Low self-esteem doesn't mean lack of an ego, but La Motta's one is so twisted, so hard to grab, to understand, we try at least to find it sympathetic, and it only works because the character is pathetic, victim of himself. And this characteristic finally redeems him in the iconic jail scene, where the pathos reaches its paroxysm, when he can finally shout, break down, hit the wall with his bare fists and his head, and cry, realizing how hard he failed. This is the highlight of the film, the scene that makes him profoundly human, and as a viewer, I could at least make peace with him and appreciate the character, and the film. This is the pay-off of all the frustration, anger, discomfort I felt.
Jake thought his wife was a whore, blinded by an extreme machismo tainted with paranoid jealousy. He even accused his brother, his only real friend of being a member of this conspiracy. At the end, he lost everything. How pathetic he was outside the ring contrasts with his strength and ferocity inside, he hits and takes the hits, exorcising his own demons in this arena where he's the king. "Raging Bull" is often compared with "Rocky", well, despite the difference of mood, one thing they have in common, is how the ring appears to be an allegory for desire of revenge. In "Raging Bull", some shots are so aesthetically exaggerated that it's like it was intended to be kept proportional to all the griefs, all the feelings of low self-esteem that were burning in Jake's mind. In the ring, these feelings explode like a geyser of blood. Even when the Bull finds his "toreador", he's ugly and destroyed, but he's still standing, he's still "the boss".

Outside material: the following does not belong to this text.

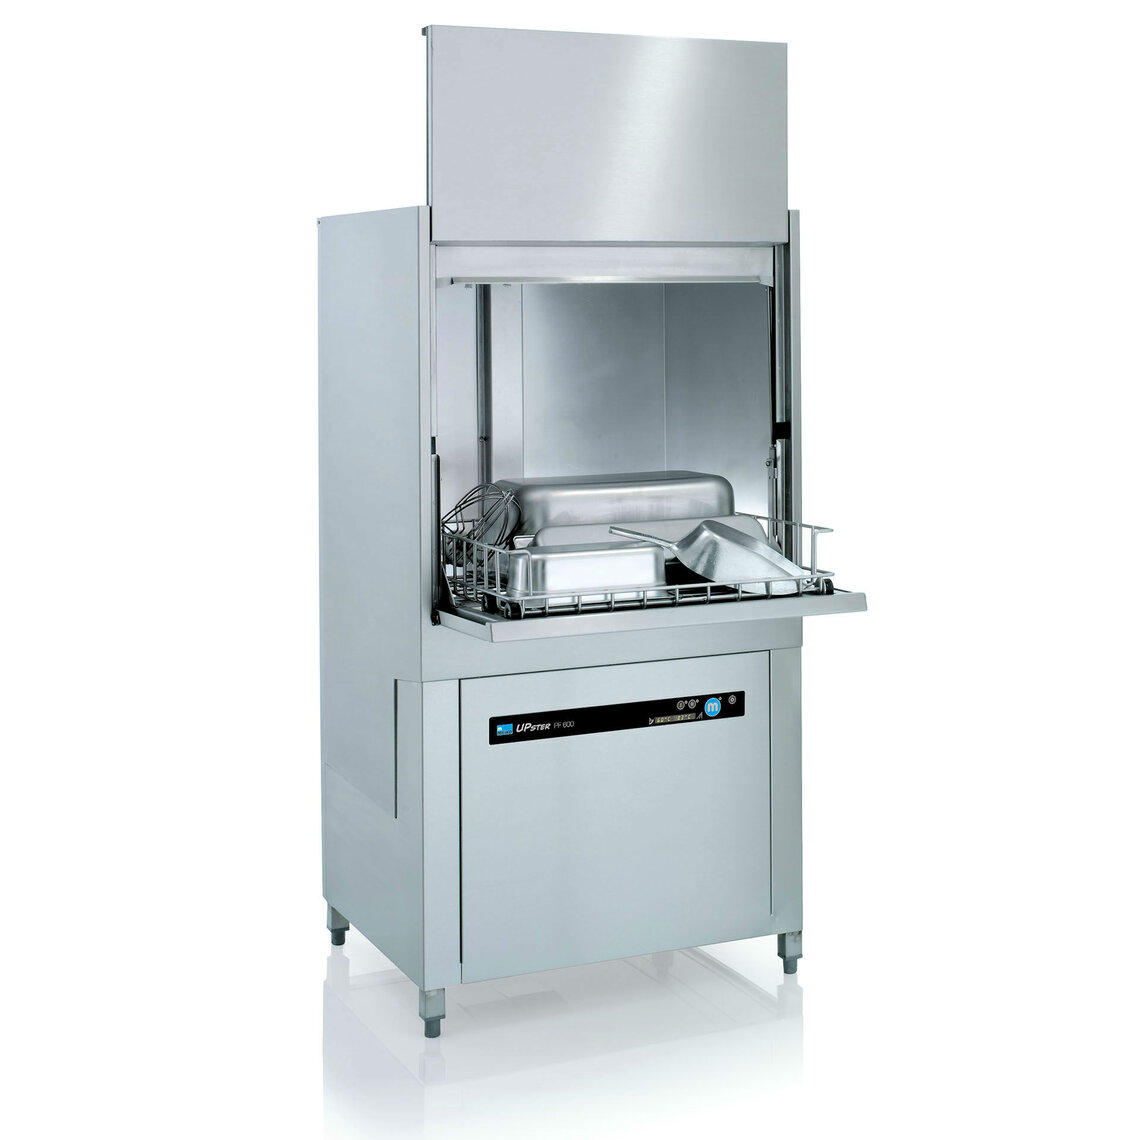 UPster PF 600 - Professional universal dishwasher - MEIKO

I used to be very critical towards "Raging Bull", I never understood why this film was praised as one of the best ever, or #4 in AFI's Top 100. Now, I know it's a raw portrayal of a man we don't feel sympathy for him because we don't want to, the character is not to blame. We are, we're no better than La Motta because at least he took the hits until the "right" one hit him in the face. It took me time to realize that "Raging Bull" was indeed a masterpiece. Don't blame me. I guess all I can say is that "once I was blind and now I can see."